La question des contrôles est inscrite à l’agenda politique depuis leur mise en place. Une stratégie en
vue de leur levée avait été formulée en 2011 par le précédent gouvernement, et le gouvernement au pouvoir
depuis 2013 a pris plusieurs initiatives concrètes en la matière, avec la réalisation de travaux techniques
pilotés par le Ministère des Finances, assisté de nombreux experts internationaux, rapportant régulièrement
sur la situation vis-à-vis des contrôles de capitaux, et le lancement d’un travail législatif au parlement islandais.

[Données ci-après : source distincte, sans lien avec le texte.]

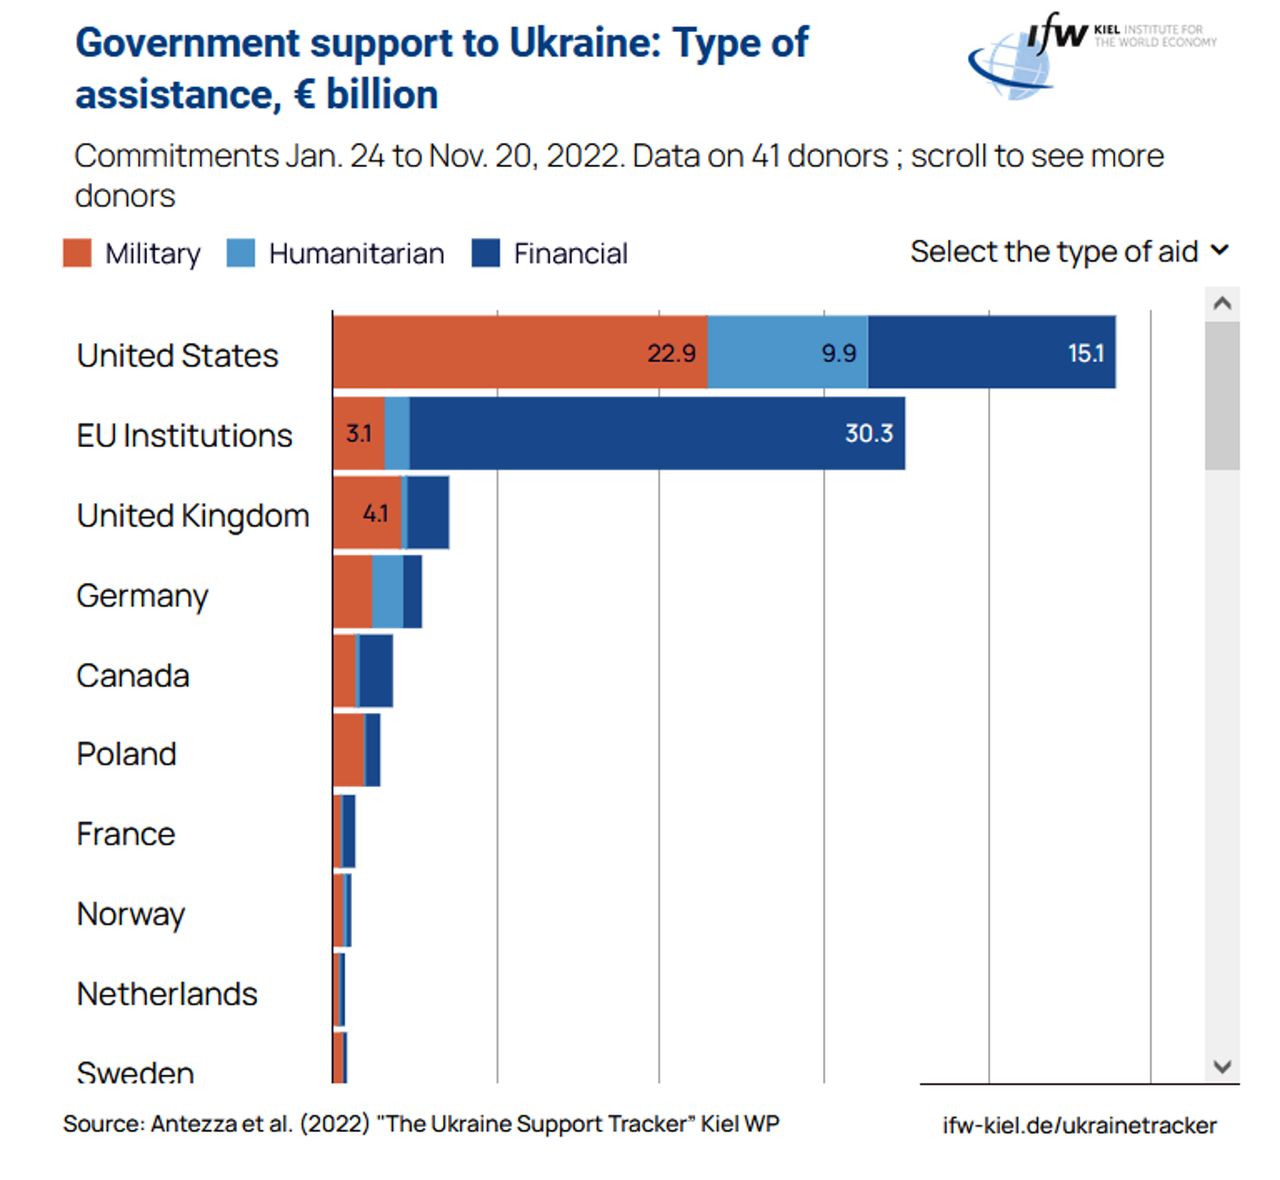 Wartość pomocy wojskowej dla Ukrainy oznaczona kolorem pomarańczowym (kolejność państw według sumarycznej wartości pomocy, również finansowej i humanitarnej)

Conformément aux annonces faites en début d’année, le gouvernement islandais a annoncé le 8 juin 2015
un plan de levée progressive des contrôles de capitaux, qui devrait être prochainement approuvé par le
Parlement. A l’issue d’un travail d’analyse préparatoire qui a bénéficié de l’aide d’experts nationaux et
internationaux, le gouvernement a identifié deux poches de risques : les actifs des structures de liquidation
des trois anciennes banques Glitnir, Kaupthing et Landsbanki (500 Mds ISK en monnaie islandaise et 400
Mds ISK en devises), et les actifs liquides en monnaie islandaise détenus par des résidents étrangers (« ISK
offshores », 300 Mds ISK). Les créanciers des anciennes banques auraient deux options pour sortir leurs
capitaux d’Islande : le paiement d’une « taxe de stabilité » de l’ordre de 39 % sur le total des actifs ou
l’élaboration de plan de sortie respectant plusieurs conditions garantissant un impact maitrisable sur la balance
des paiements ; c’est vers cette seconde solution que les trois anciennes banques semblent s’orienter, avec
la présentation de propositions incluant des « contributions à la stabilité ». La sortie des « ISK offshore » serait
gérée par des mécanismes d’enchères garantissant l’équilibre sur le marché des changes. Les premières
échéances inscrites dans le communiqué, qui n’indique pas de calendrier contraignant, portent sur la fin 2015
pour l’évaluation des actifs des anciennes banques.